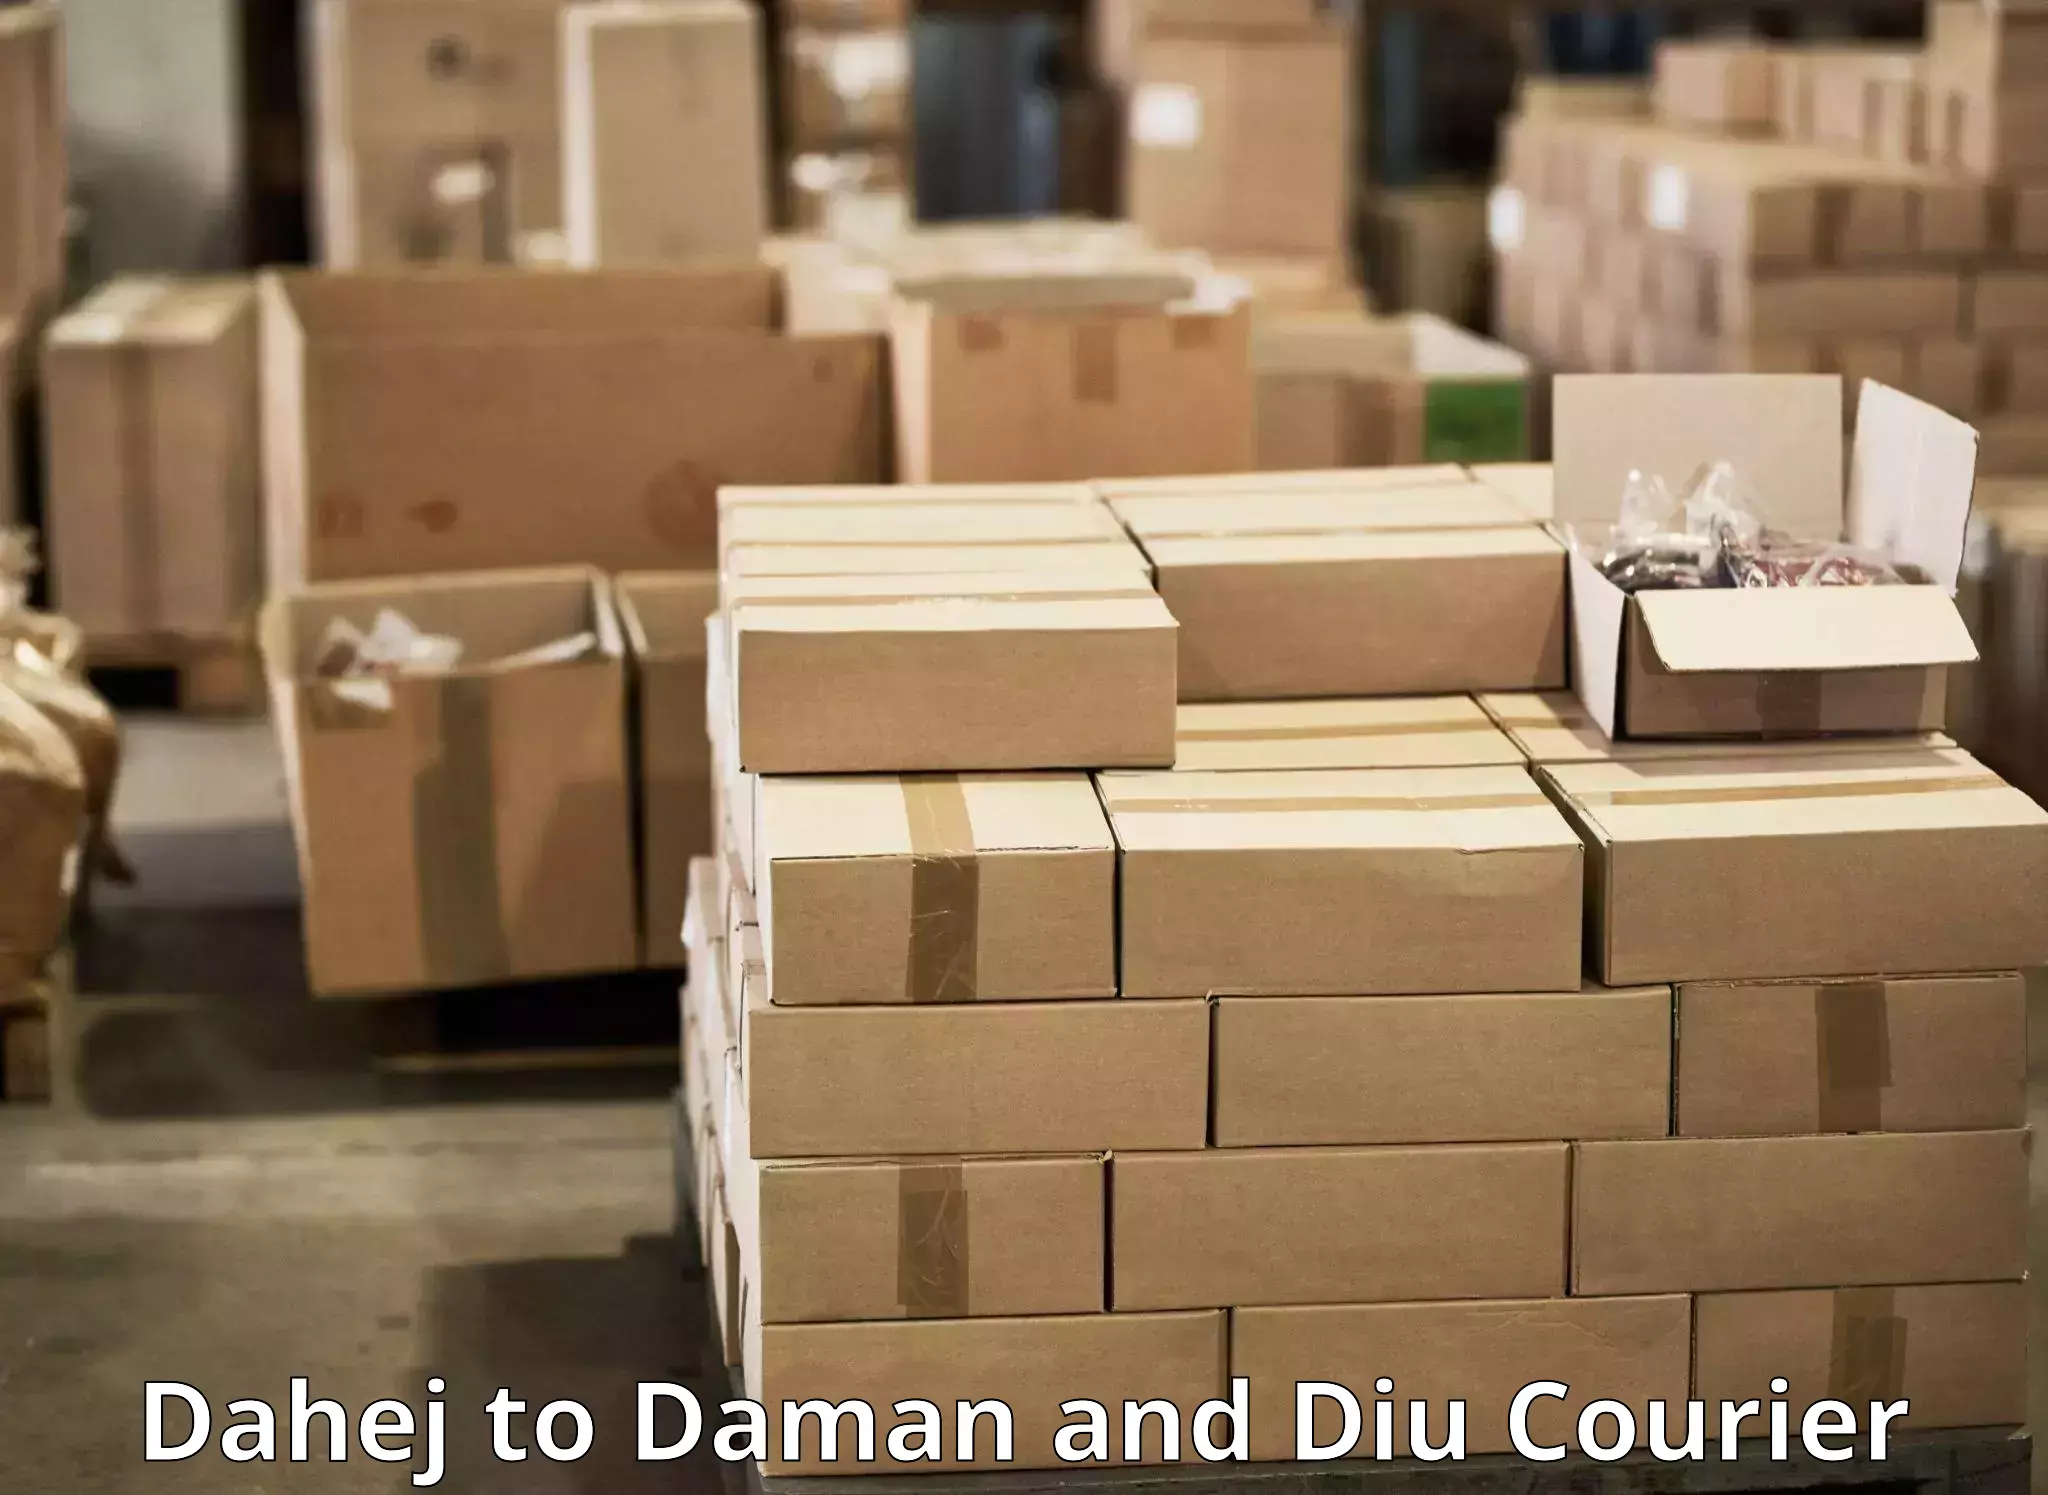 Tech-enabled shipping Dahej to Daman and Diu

____

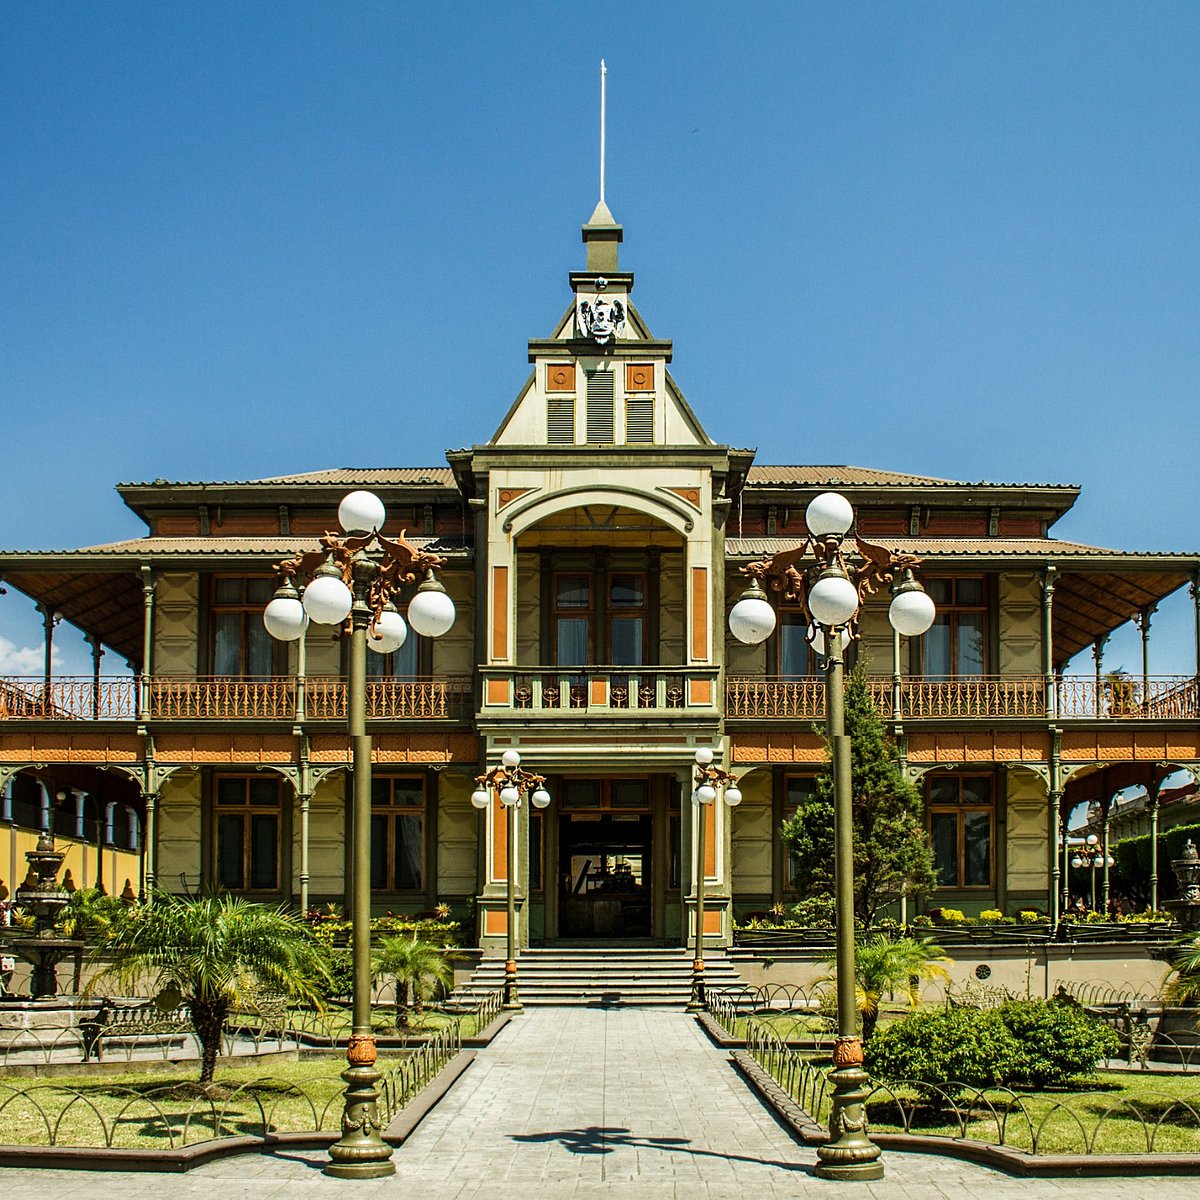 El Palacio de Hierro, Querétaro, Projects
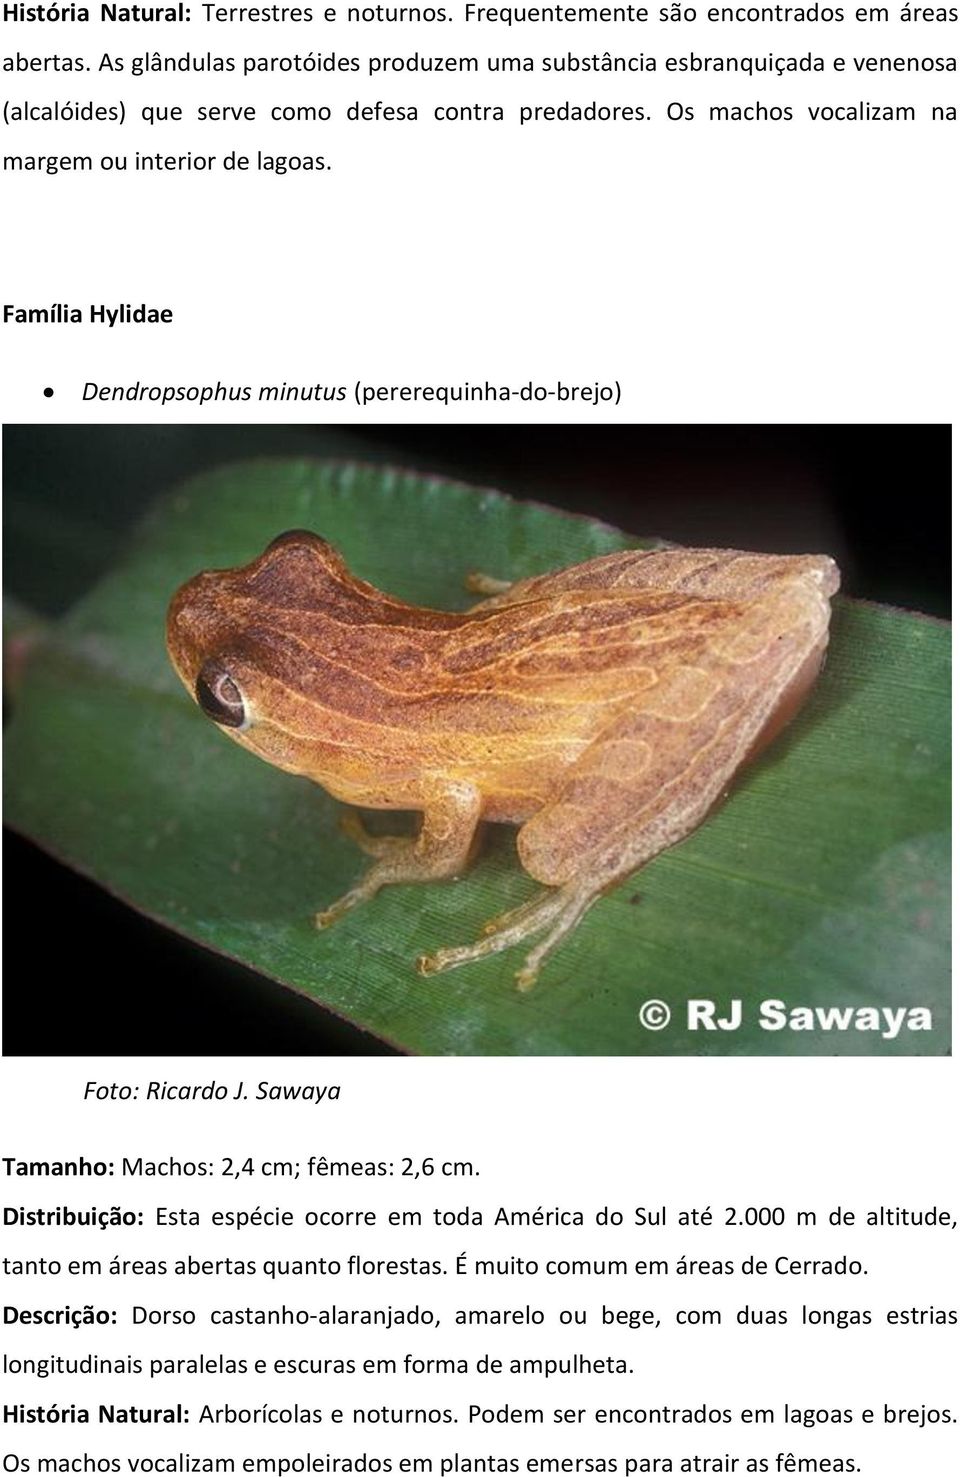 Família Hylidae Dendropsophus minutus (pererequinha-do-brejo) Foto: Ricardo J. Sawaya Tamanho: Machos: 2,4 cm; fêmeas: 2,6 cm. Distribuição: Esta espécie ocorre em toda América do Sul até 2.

____

*Your task*: What you need to produce is an exact copy of the entries above, limited to the lines from the one with "El Palacio de Hierro, Querétaro, Projects" up to and including the one with "Família Hylidae Dendropsophus", without pictures.

*Response area*:
 El Palacio de Hierro, Querétaro, Projects
 Família Hylidae Dendropsophus minutus (pererequinha-do-brejo) Foto: Ricardo J. Sawaya Tamanho: Machos: 2,4 cm; fêmeas: 2,6 cm. Distribuição: Esta espécie ocorre em toda América do Sul até 2.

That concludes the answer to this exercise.